> [Prompt] There should be no pictures in your answer, only an exact copy of the lines from the one with "Odaklı İhtisaslaşma Programı" through the end of the material.

Collected data START

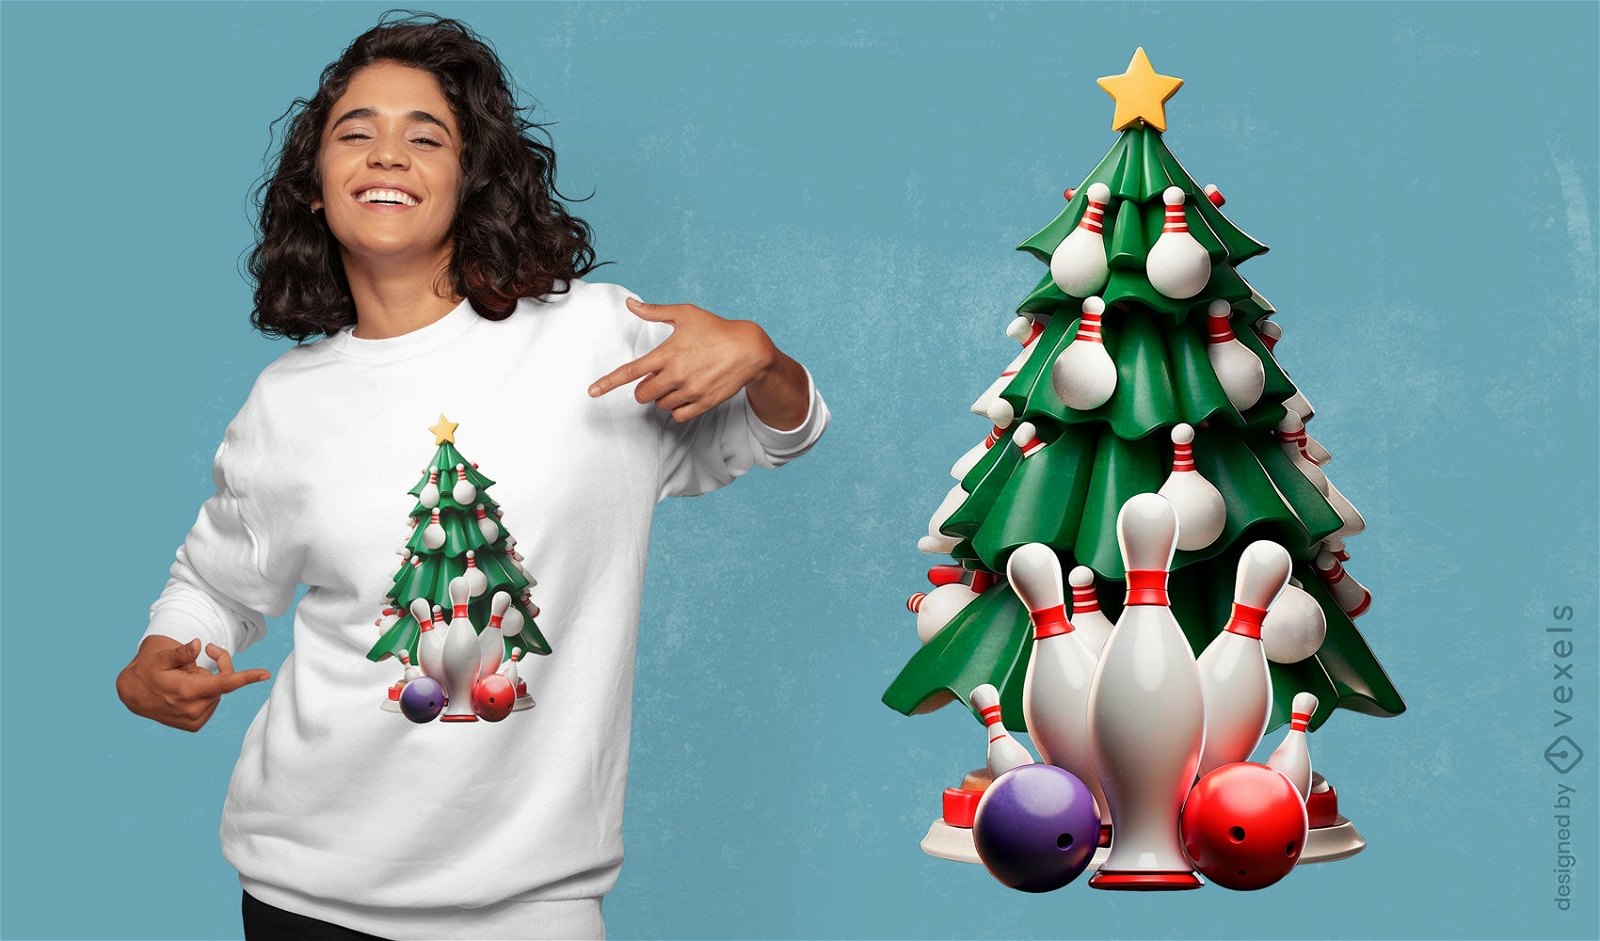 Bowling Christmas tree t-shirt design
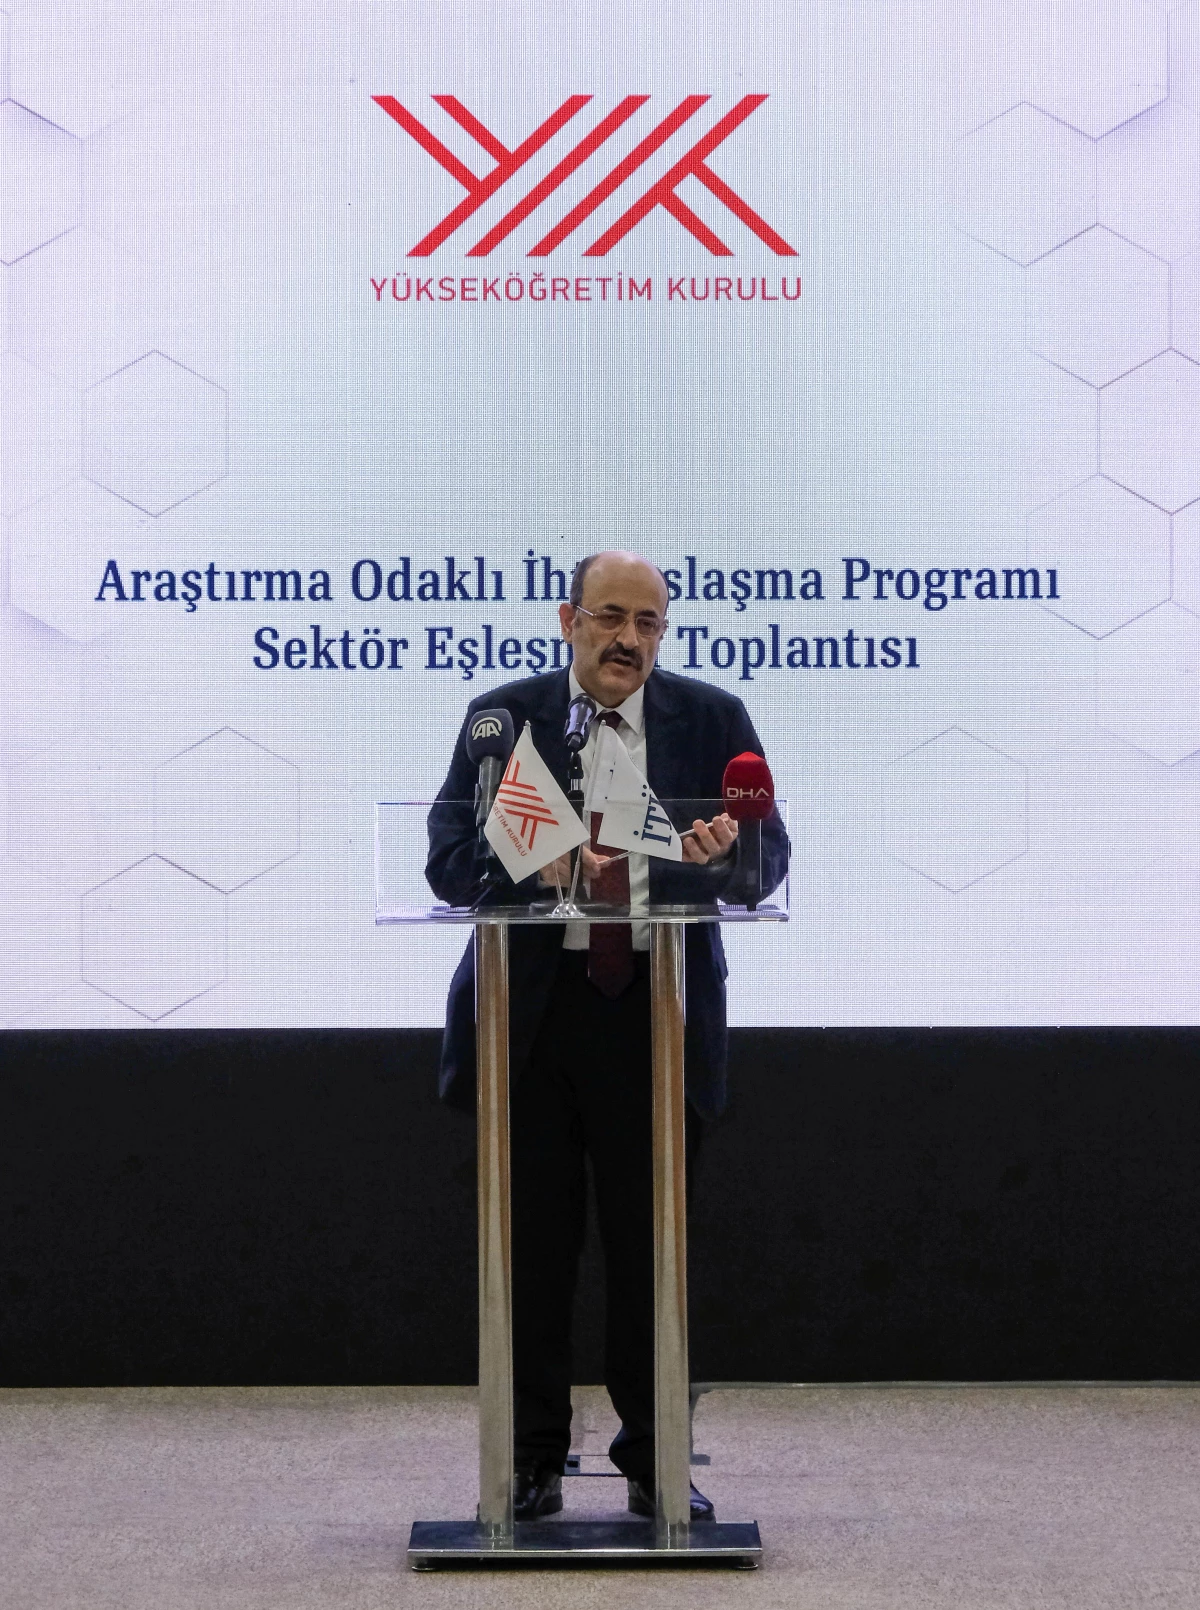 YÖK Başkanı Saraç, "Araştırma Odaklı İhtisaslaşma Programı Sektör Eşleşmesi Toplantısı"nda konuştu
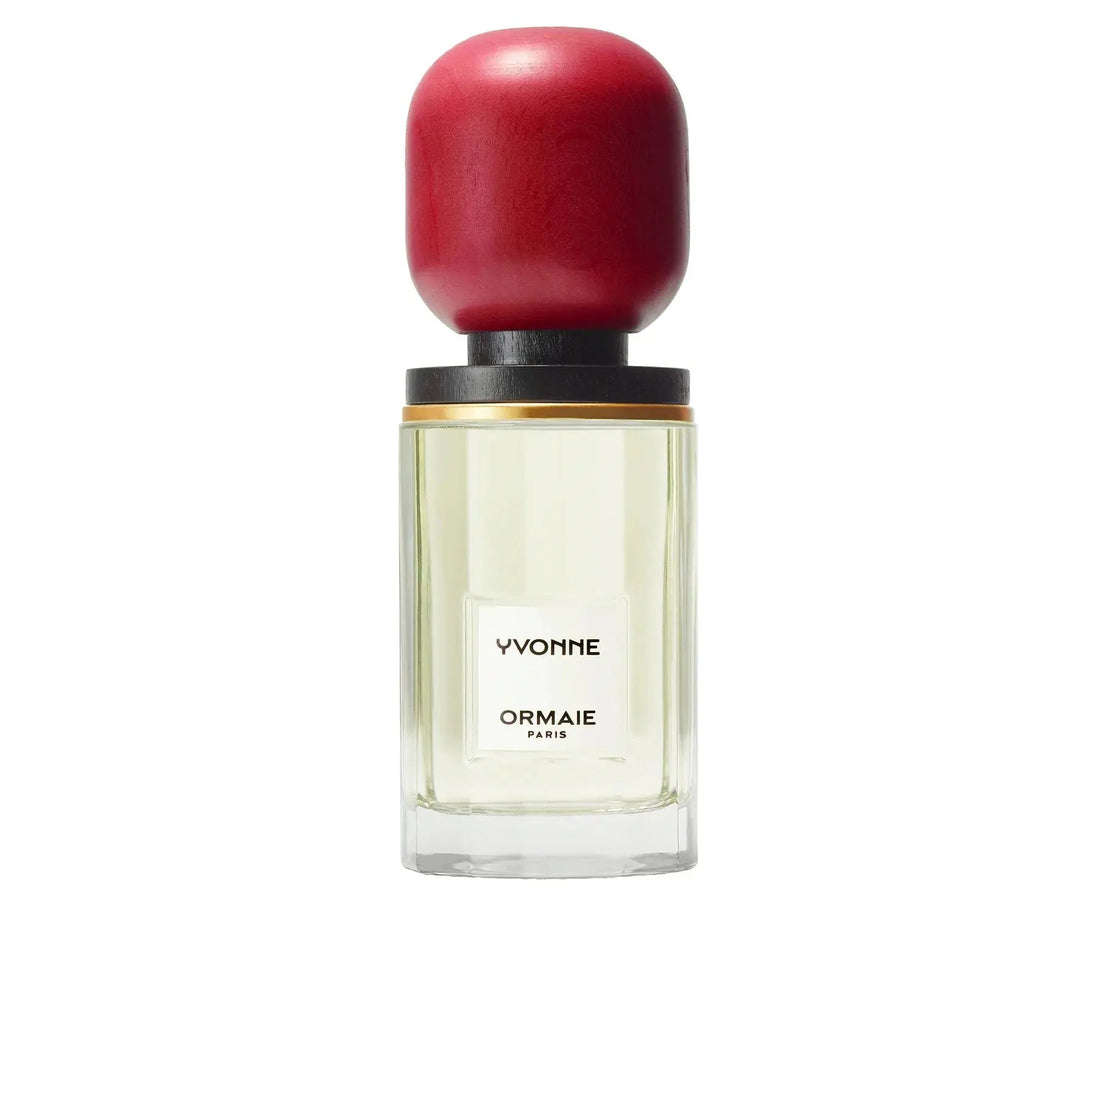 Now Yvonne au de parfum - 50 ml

Collected data END

> [Output for this exercise]
 YÖK Başkanı Saraç, "Araştırma Odaklı İhtisaslaşma Programı Sektör Eşleşmesi Toplantısı"nda konuştu
 Now Yvonne au de parfum - 50 ml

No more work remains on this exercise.